WORK TO BE COMPLETED
Word for word, transcribe the lines below and drop the pictures.

RAW DATA
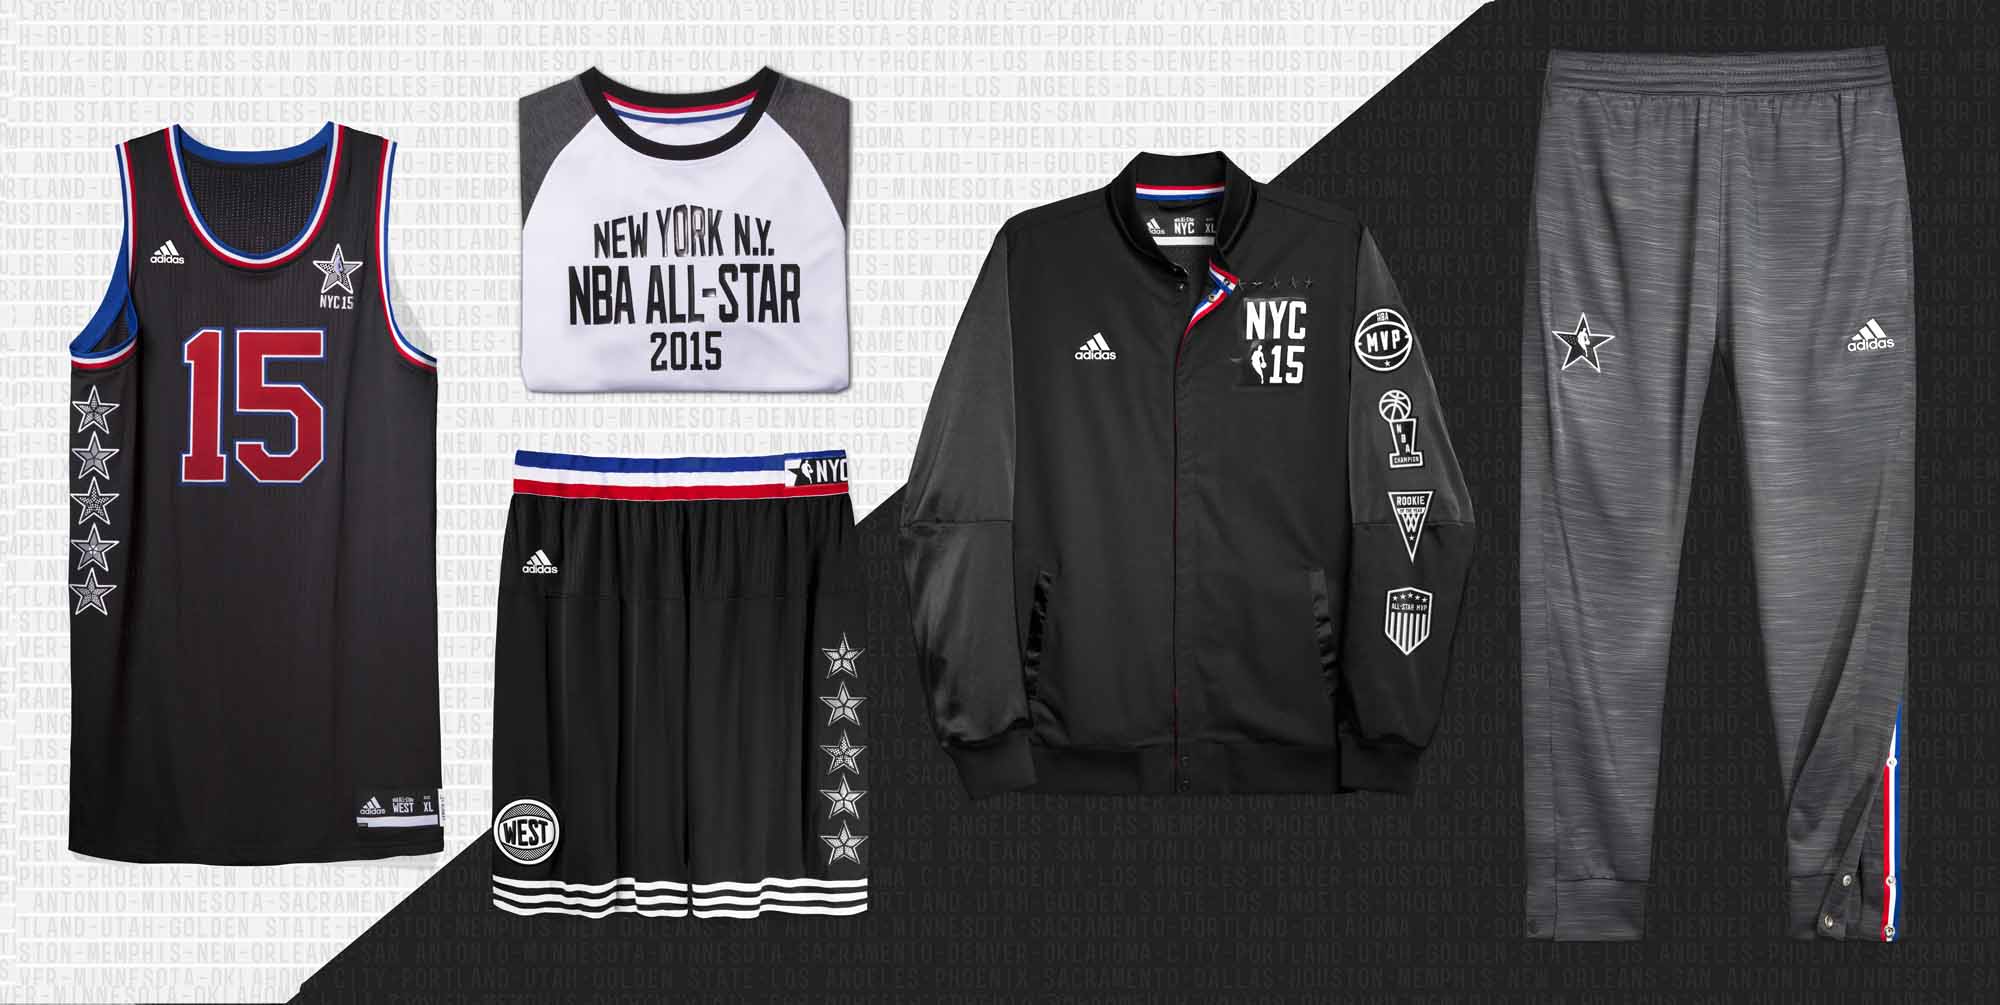 adidas Men's All-Star Game NBA Jerseys for sale
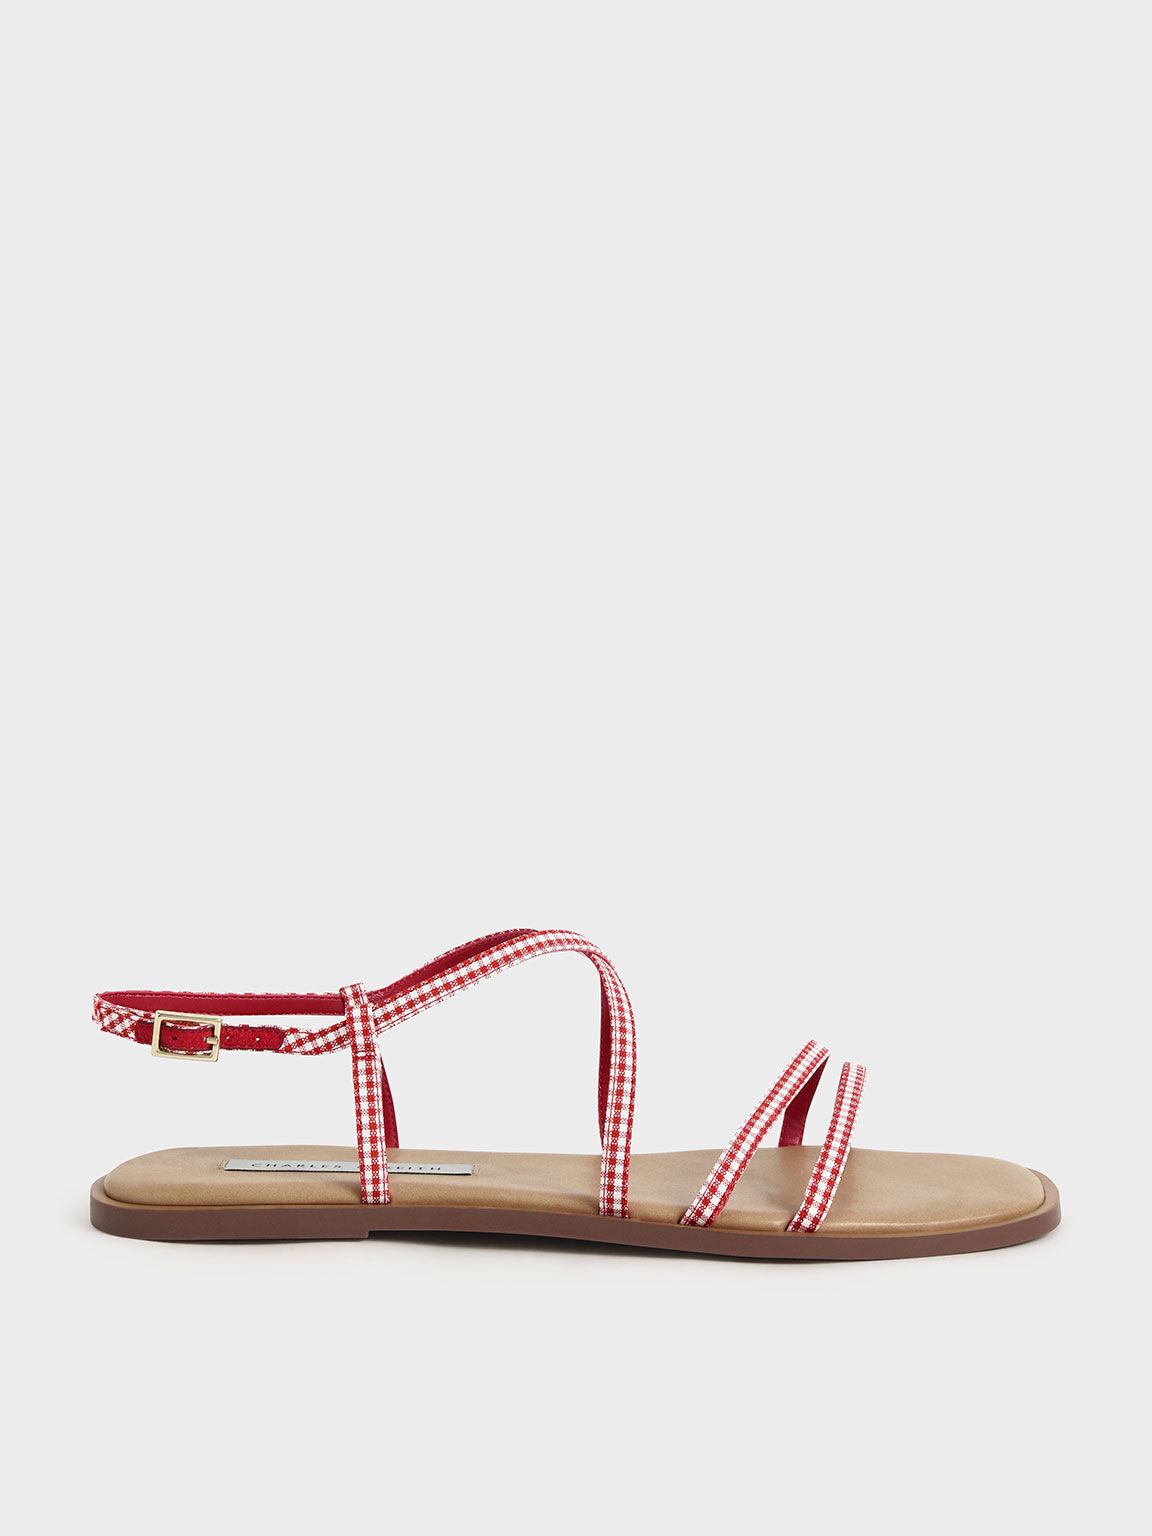 Check-Print Strappy Flat Sandals, Red, hi-res
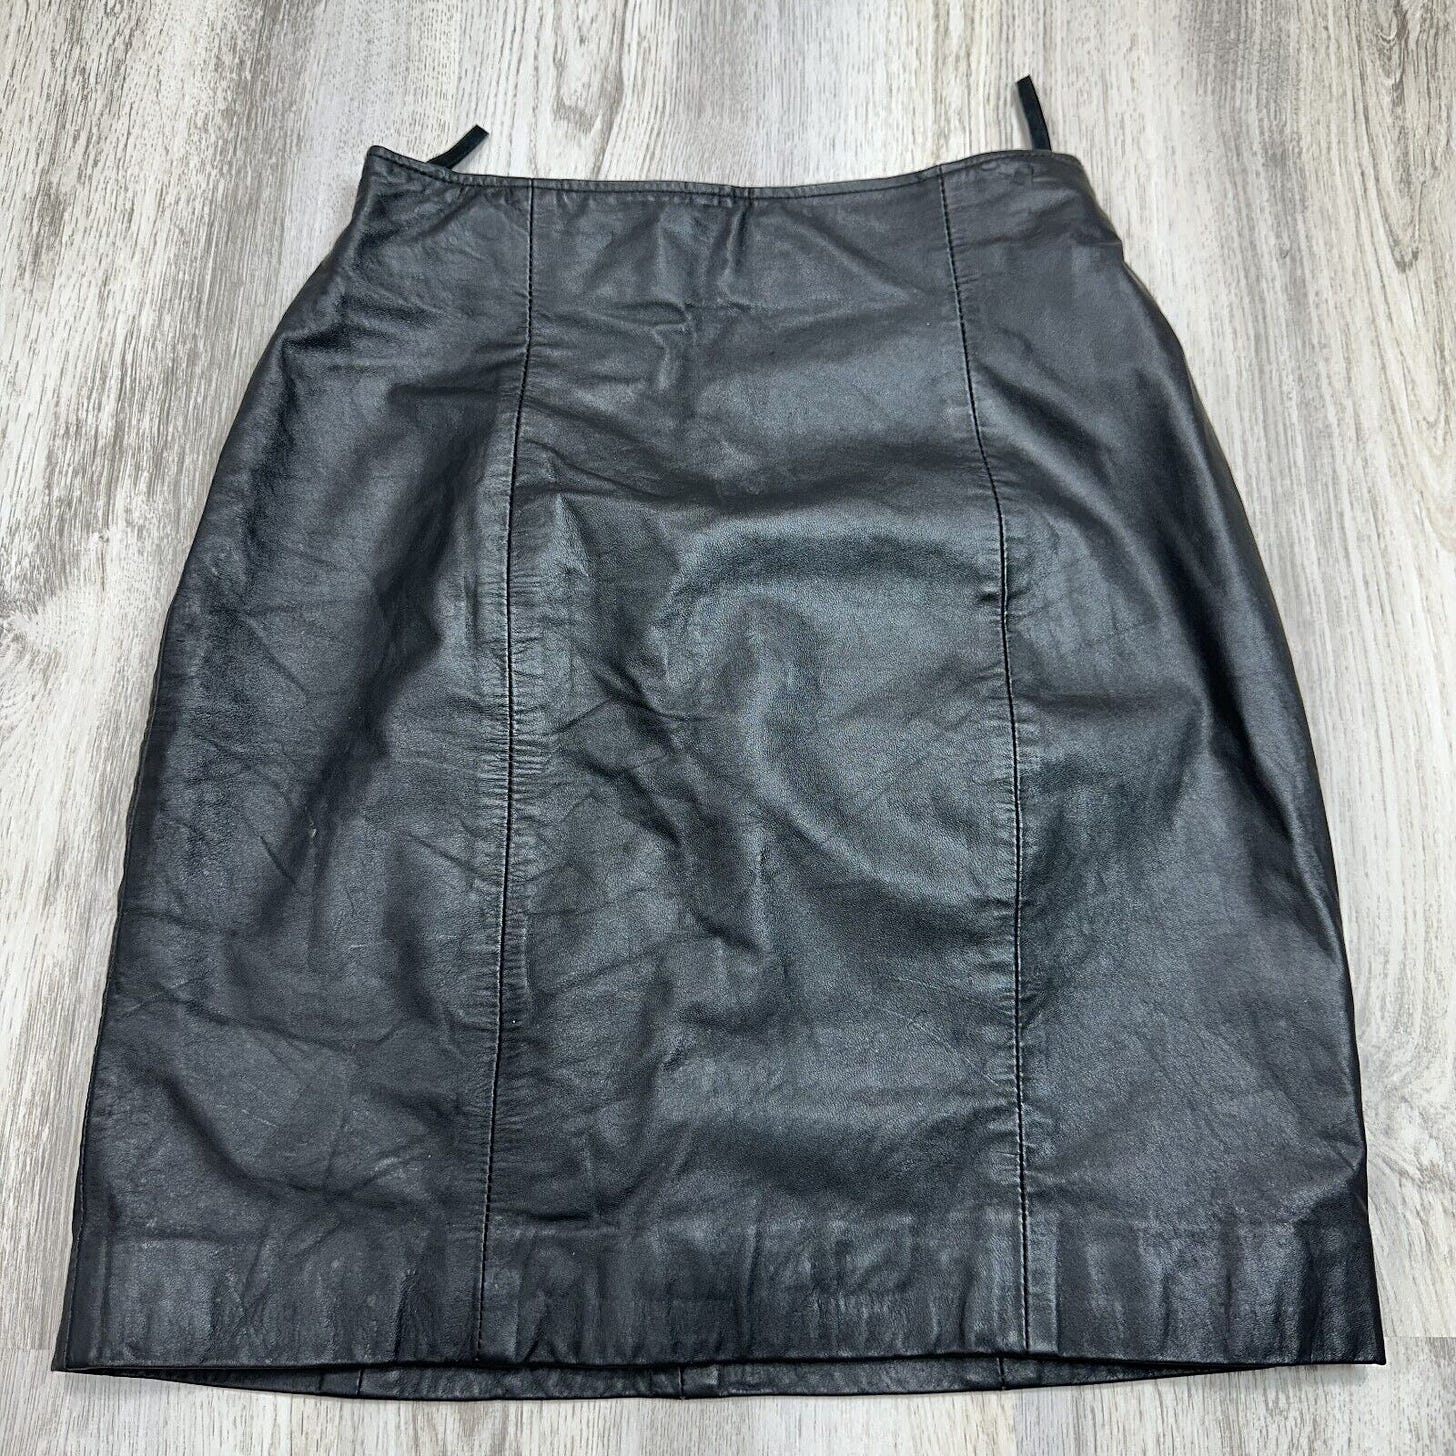 Wilson's The Leather Experts Black Leather Mini Skirt Lined Casual Party Sz 6 - Picture 1 of 11

EXERCISE RESULT
 adidas Men's All-Star Game NBA Jerseys for sale
 Check-Print Strappy Flat Sandals, Red, hi-res
 Wilson's The Leather Experts Black Leather Mini Skirt Lined Casual Party Sz 6 - Picture 1 of 11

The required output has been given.